2. By keeping the costs standardized, we can avoid obtaining the discrepant bill of materials (which consists of two segments, the production count and the raw materials and components, and their standardized costs).

This prevents the business from running short on resources such as time and costs of recording.

3. The Backflush Costing method allows companies to compute the true and complete costs of the products after they are finished as they record all the costs associated with that product all at once, at the end. 

Besides all the disadvantages, this method saves a lot of costs that may be an attractive opportunity for any company, thus overlooking all the other cons.

This method is the most helpful when it comes to efficiency, but every great thing comes with a cost. 

  1. This method of accounting usually does not conform to the General Accepted Accounting Principles (GAAP). Thus, this can make the auditing process for the companies a difficult task to achieve. 

  2. This happens because it makes it difficult to trace the costs of each component used in manufacturing that particular product as all the accounts now has been merged within one. 

However, this does not rule out the convenience of this method. Many companies follow this method without any hurdles. 

The companies employing this method need to compute a "standardized cost" for the units produced. This method through which the costs are traced back is called "sequential tracking."

In the real world, the companies using Backflush Costing need to recognize the variations in standardized and actual costs. 

For example, we are comparing the total raw materials being ordered by the factory and the raw materials ordered for the production run of that good. 

Key Takeaways 

  • Backflush Costing, also known as Backflush Accounting, is a method that allows us to allot an accumulated cost to a finished product's account. 

  • This means that all the costs associated with that one product are recorded once when the manufacturing process of the product ends. 

  • Businesses that have a plethora of costs associated with a product or good, which takes comparatively less time to assemble, seek to follow the rules of Backflush Accounting.
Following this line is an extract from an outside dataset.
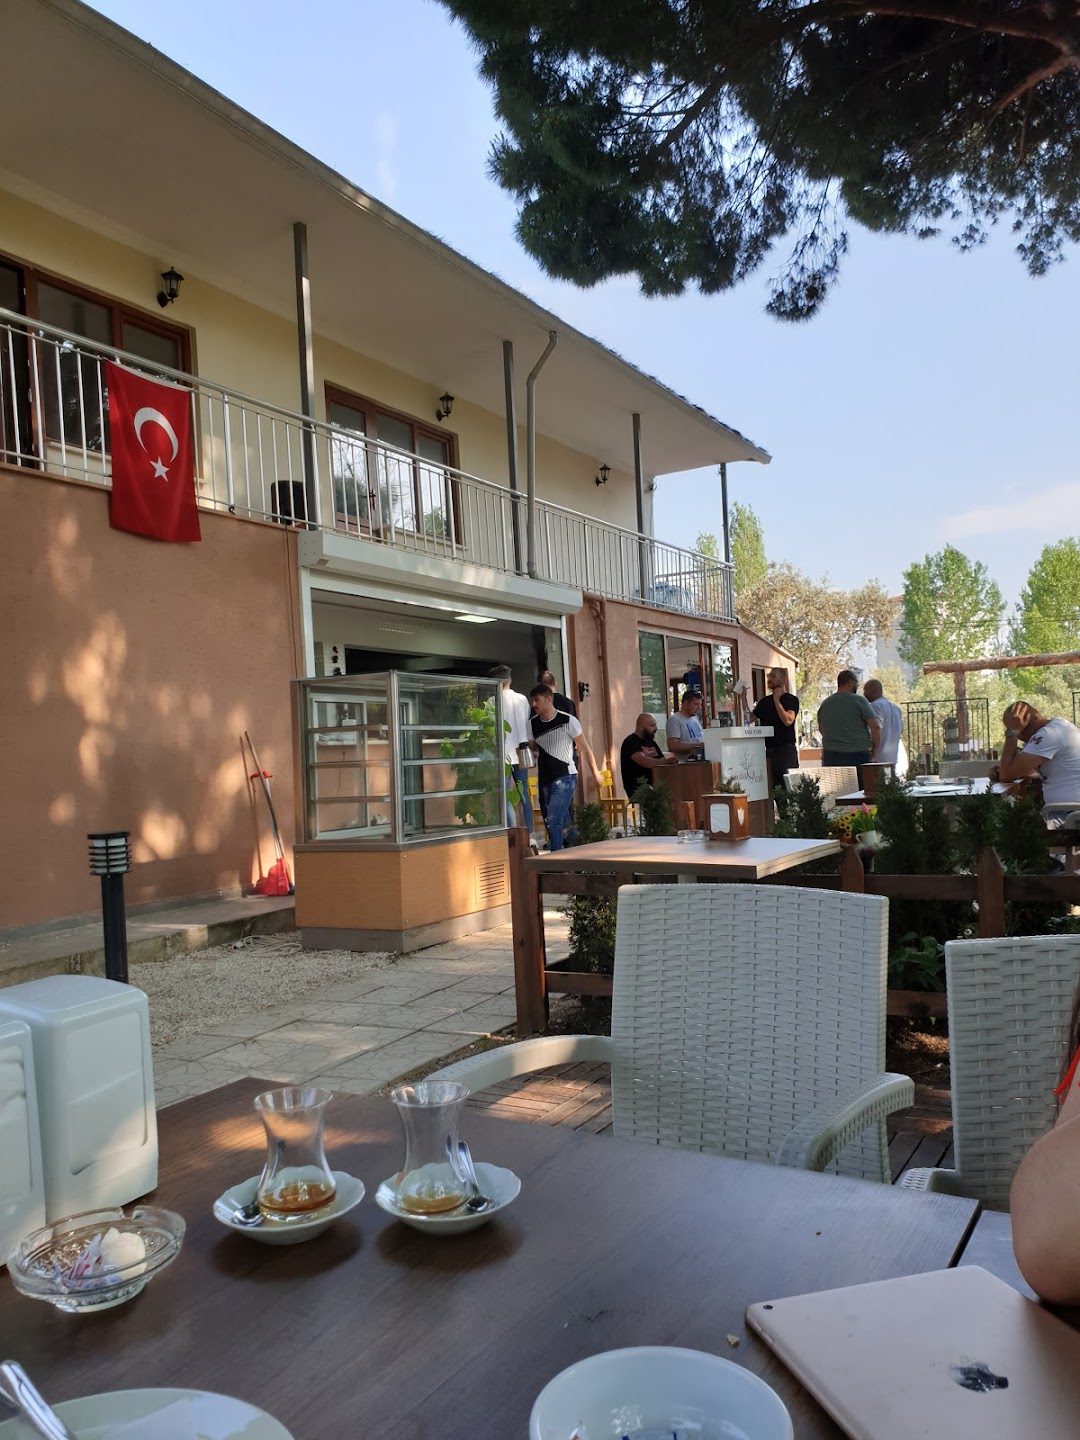 Zeytin Park Kafe Kahvalti

  • However, it is not necessary that this method works out for companies selling personalized and customized products.  

  • Adding on to the previous point, this method is most suitable for organizations that follow the Just-in-Time inventory management system.

  • This method has some significant pros and cons. This method comes under Lean Management

  • At the same time, it makes the task of auditing cumbersome as tracking costs might appear to be difficult.  

  • Backflush Costing uses the standard cost per unit of the product produced and this cost obtained is then multiplied by the total number of products manufactured to get to the total expenses incurred.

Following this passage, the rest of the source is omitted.